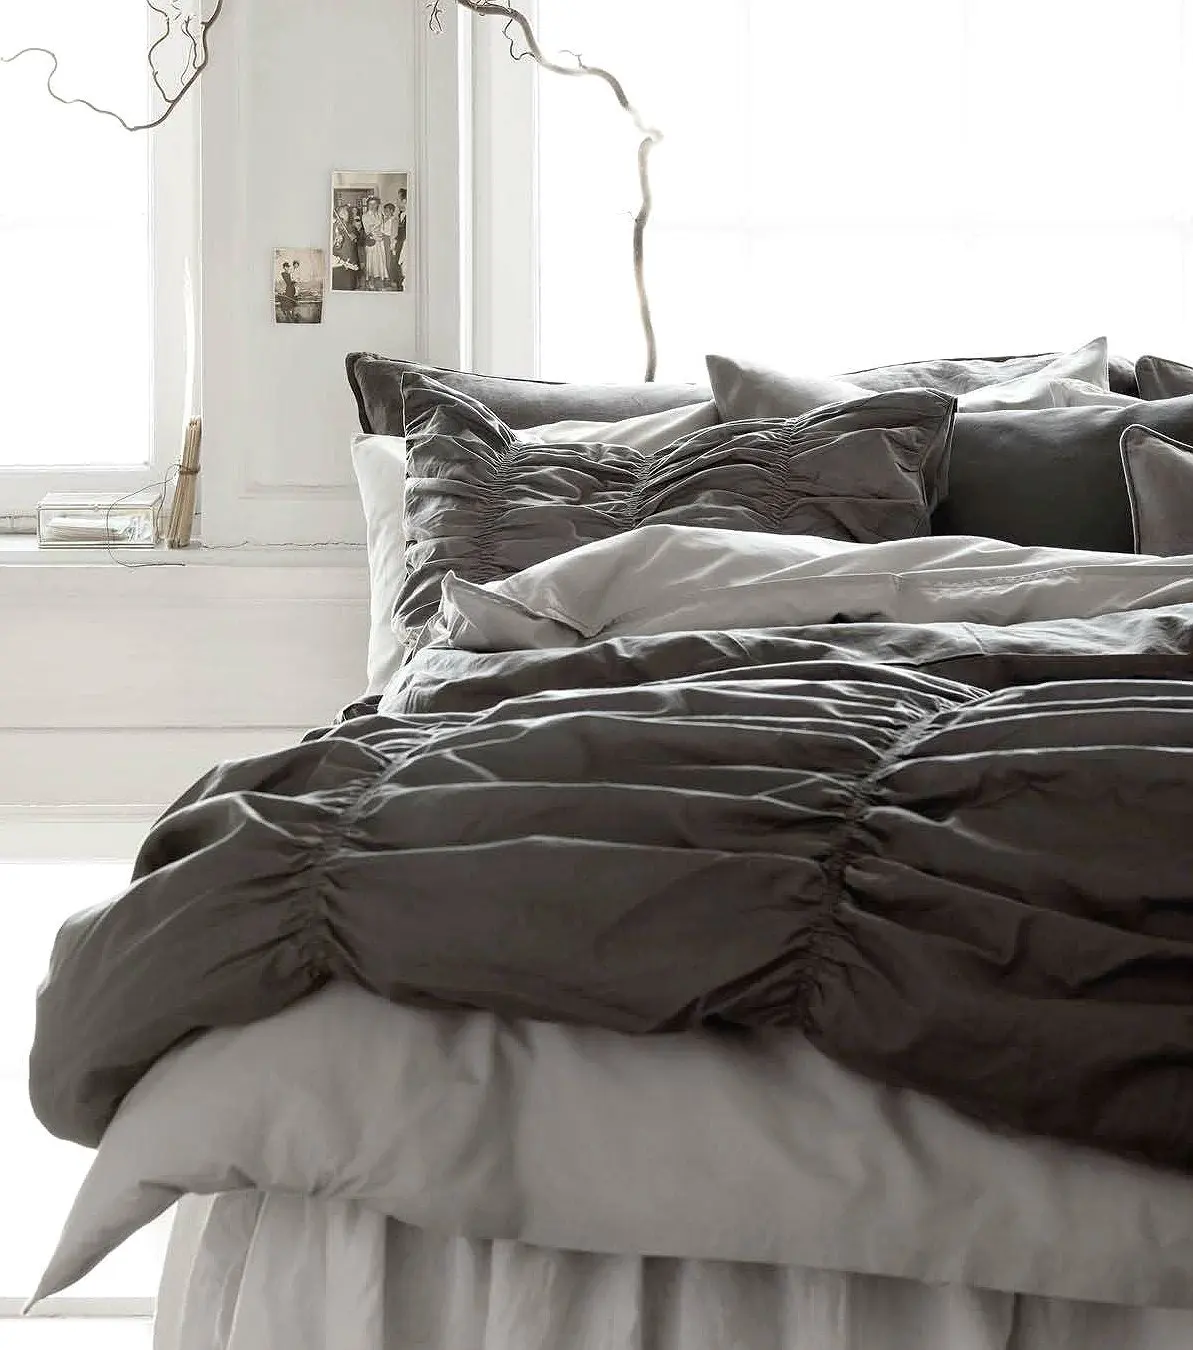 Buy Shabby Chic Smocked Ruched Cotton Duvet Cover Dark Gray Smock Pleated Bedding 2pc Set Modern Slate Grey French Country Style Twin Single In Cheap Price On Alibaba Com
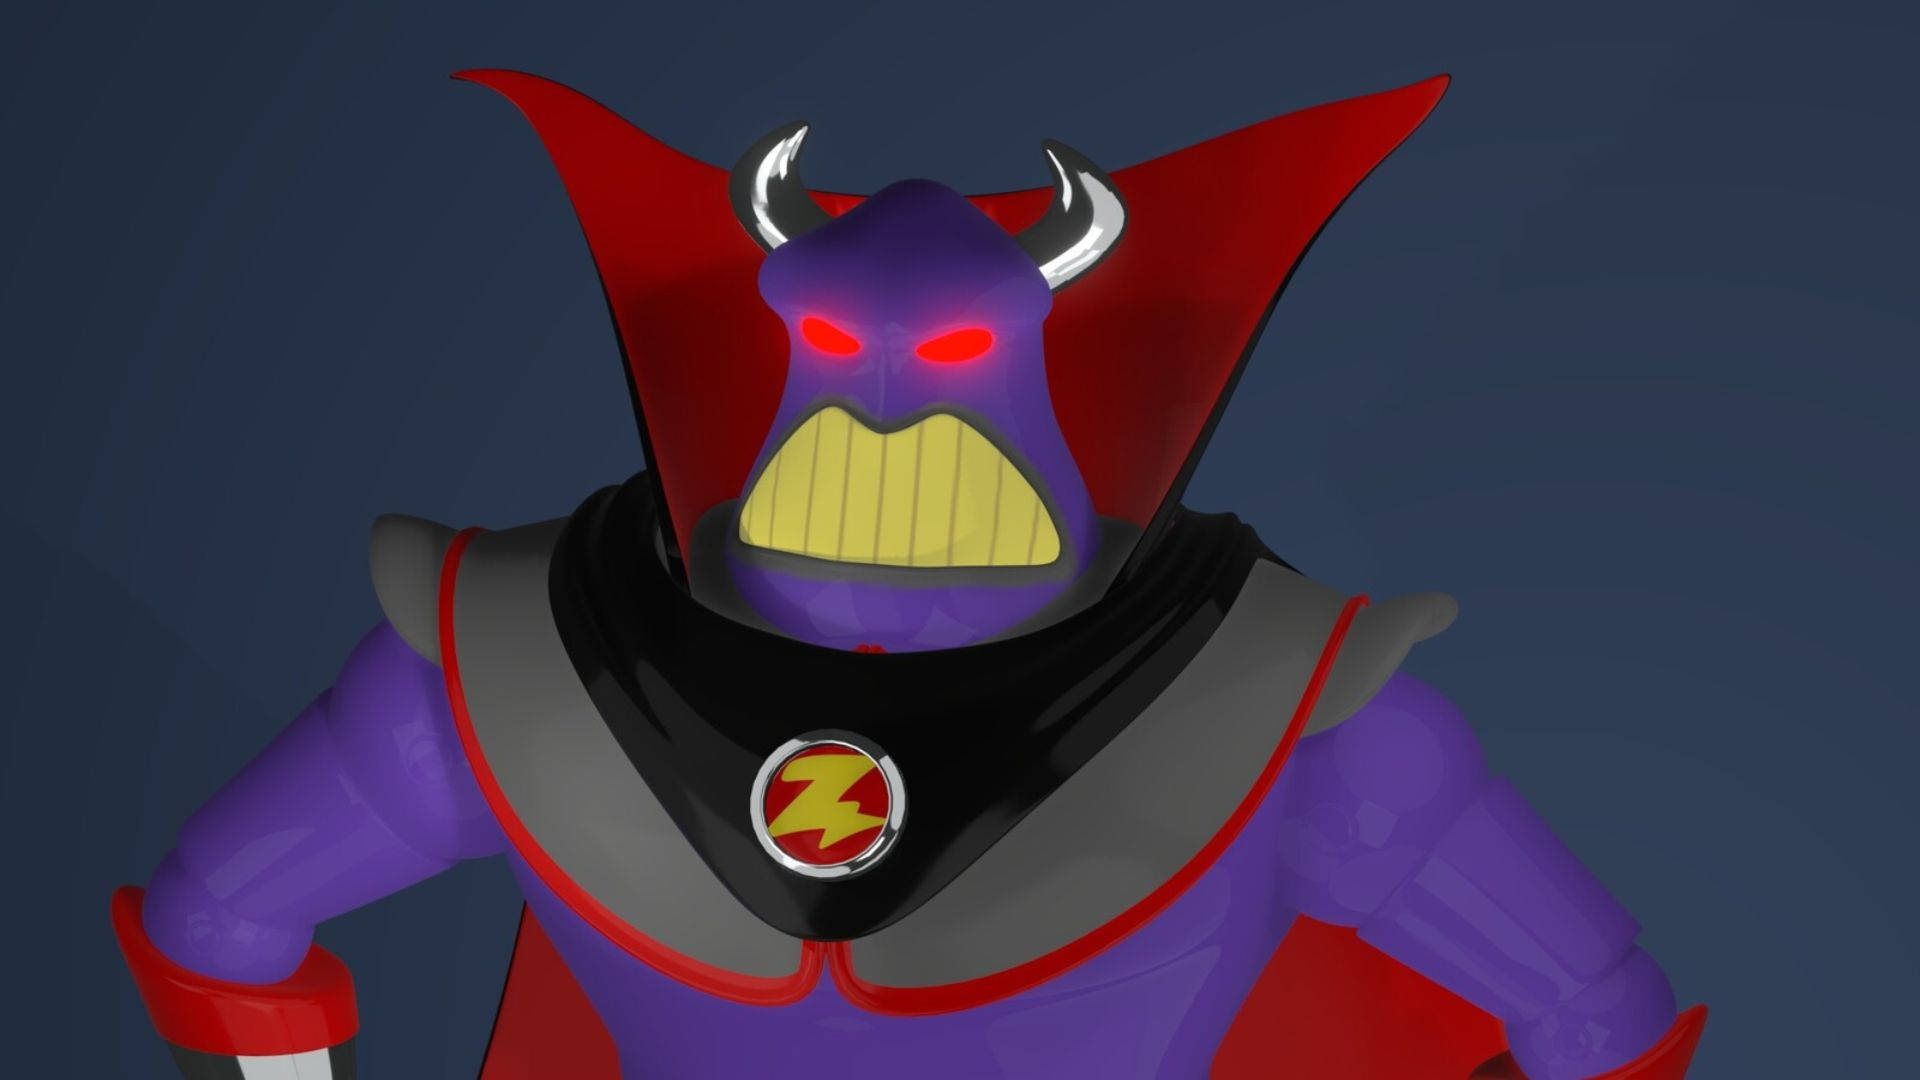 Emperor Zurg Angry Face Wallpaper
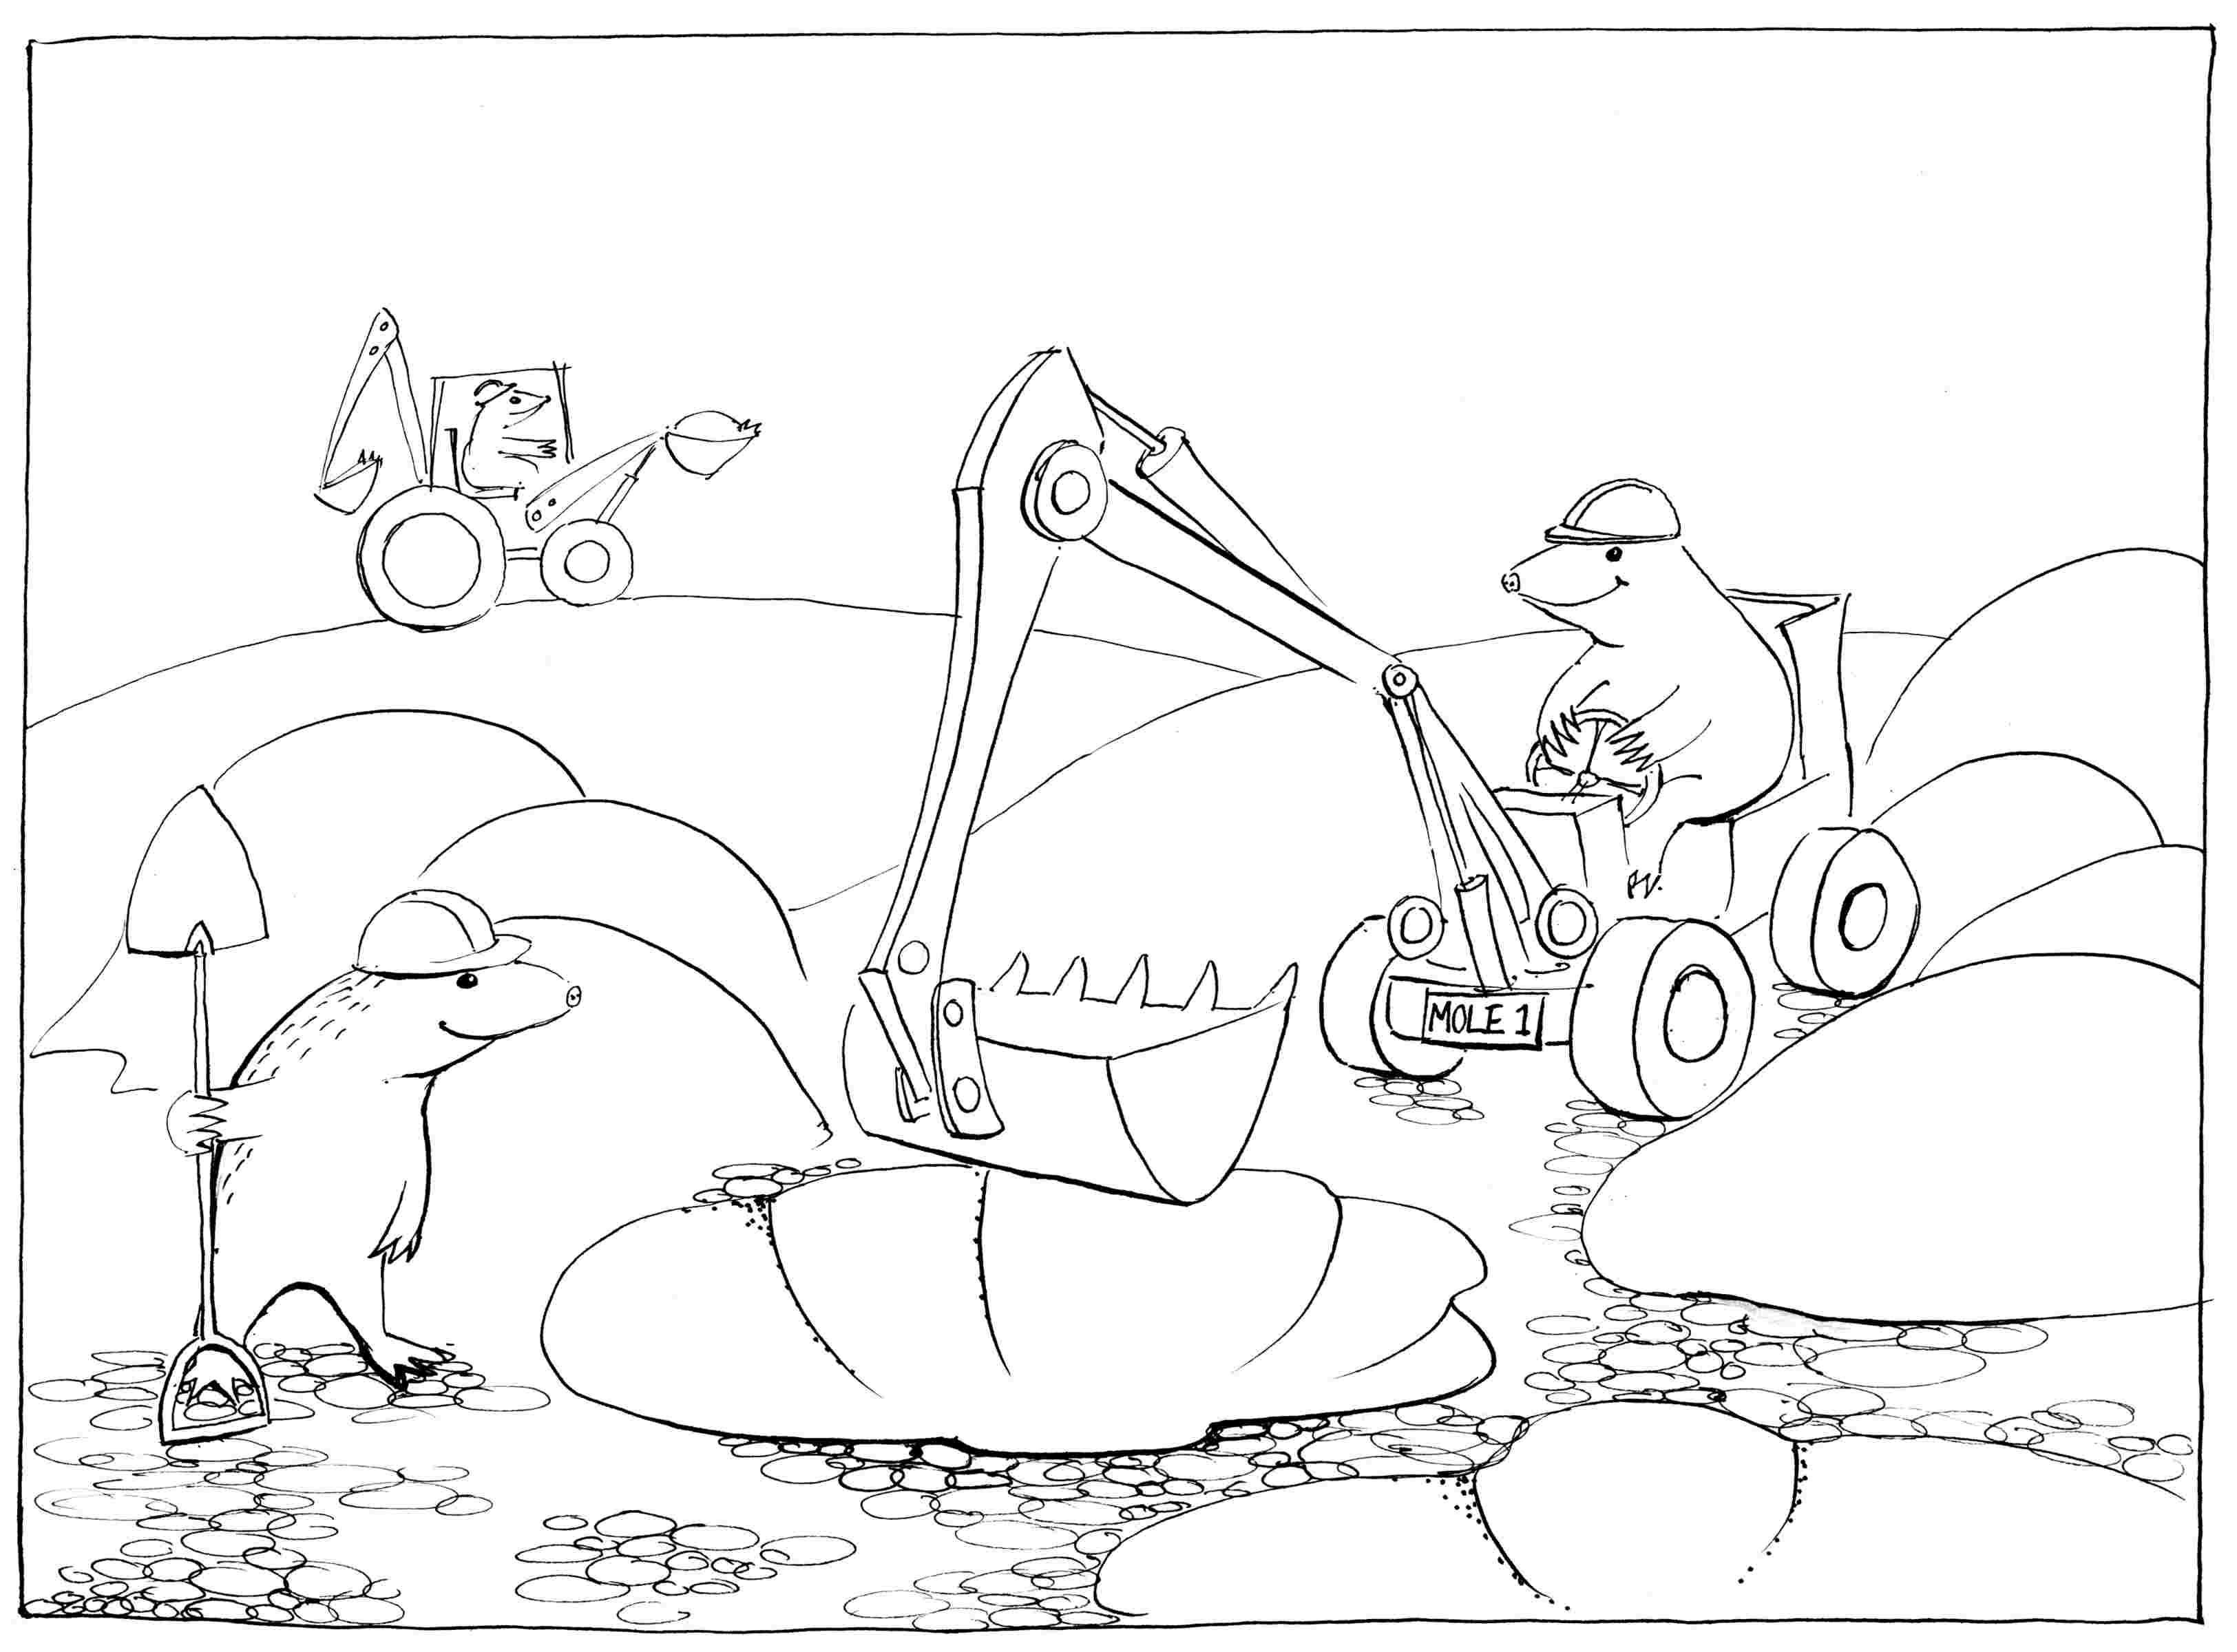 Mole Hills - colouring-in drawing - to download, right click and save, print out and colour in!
● ● ● ● ●
Skipping the pictures, transcribe each line above exactly as it appears.

 Buy Shabby Chic Smocked Ruched Cotton Duvet Cover Dark Gray Smock Pleated Bedding 2pc Set Modern Slate Grey French Country Style Twin Single In Cheap Price On Alibaba Com
 Emperor Zurg Angry Face Wallpaper
 Mole Hills - colouring-in drawing - to download, right click and save, print out and colour in!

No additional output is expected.